Usually, when making a film, the surprises are negative surprises. You don't get what you wanted or what you hoped for. The only nice surprises are those that are offered to you by actors when they offer you these gifts, when they are better and give you more than what you had originally conceived. That doesn't happen every day on set, but if it happens a couple of times in the course of making a film, you can consider yourself very lucky.
And if there was one title that could be applied to all my films, it would be 'Civil War' - not civil war in the way we know it, but the daily war that goes on between us all.
I'm not someone who enjoys long talks, long rehearsals. I'm very technical: I tell my actors, you come in, you sit down, you pick up a coffee, you look here, you say the line. We try it with the cameras rolling, and if it doesn't work, we adjust it until it does. It's very simple.
I never suffered from the absence of a father. On the contrary, as a child I was more inclined to see men as a disturbing factor. It made things difficult for me when I started working as a director.
Films for TV have to be much closer to the book, mainly because the objective with a TV movie that translates literature is to get the audience, after seeing this version, to pick up the book and read it themselves. My attitude is that TV can never really be any form of art, because it serves audience expectations.
[on what interests him as a moviegoer] I'm interested in seeing films that confront me with new things, with films that make me question myself, with films that help me to reflect on subjects that I hadn't thought about before, films that help me progress and advance. Those are the kinds of films that interest me. For me, personally, I think watching a movie that simply confirms my feelings is a waste of time. That applies not only to movies, but also to books and every form of art.
In all of my work I'm trying to create a dialogue, in which I want to provoke the recipients, stimulate them to use their own imaginations. I don't just say things recipients want to hear, flatter their egos or comfort them by agreeing with them. I have to provoke them, to take them as seriously as I take myself.
As a European filmmaker, you can not make a genre film seriously. You can only make a parody.
[on his satisfaction as an artist] In terms of cinema and filmmaking, there are certainly the unexpected gifts that the actors bestow on you. Film is always a question of compromises with respect to what you originally intended.

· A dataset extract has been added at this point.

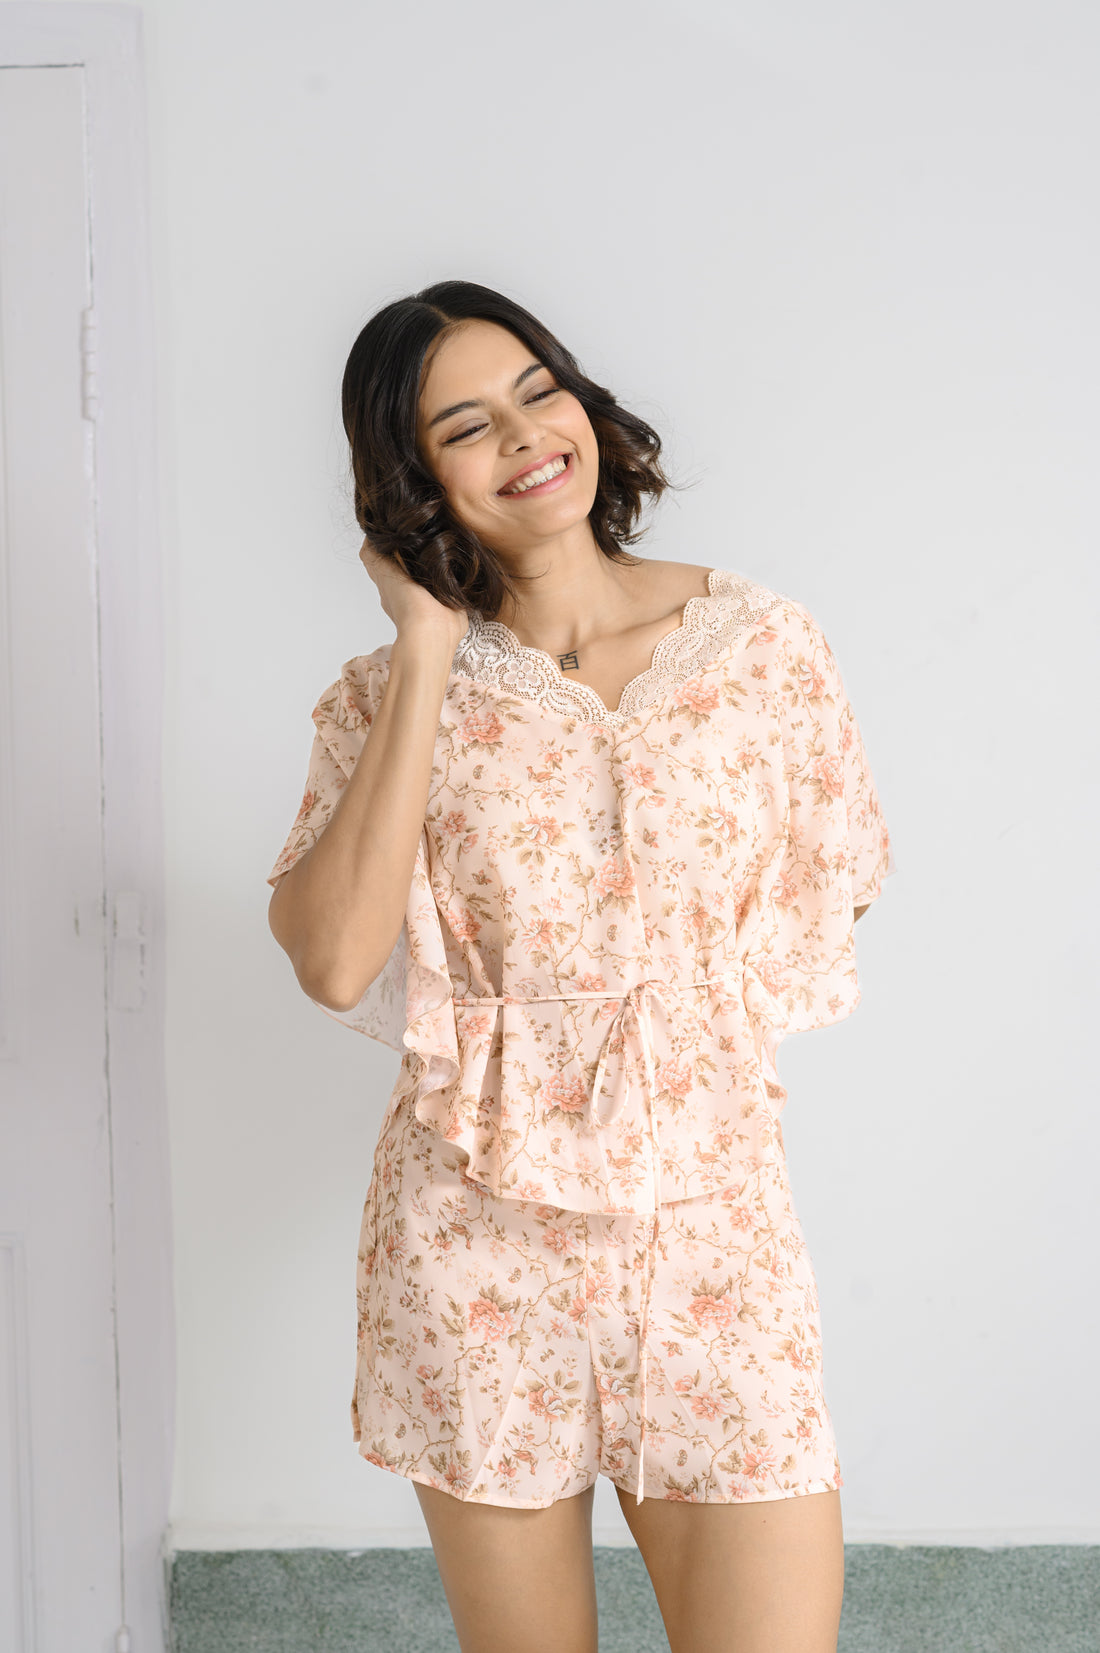 Floral Bliss: Delicate Floral Kaftan Top with Comfortable Shorts

I think that religion is an integral part of human needs, but the question also is how you understand religion.
People have been educated to expect answers, even before the questions come along. It's the TV principle. You offer three possible answers before the questions come to relax and calm the audience.
Because I'm the author of my screenplays I know what I'm looking for. It's true that I can be stubborn in demanding that I get what I want, but it's also a question of working with patience and love.
There are really two types of laughter on the part of the spectator. There is the laughter of recognition - which means seeing things you're familiar with and laughing at yourself. But there's also hysterical laughter - a way of dealing with the things we see that upset us.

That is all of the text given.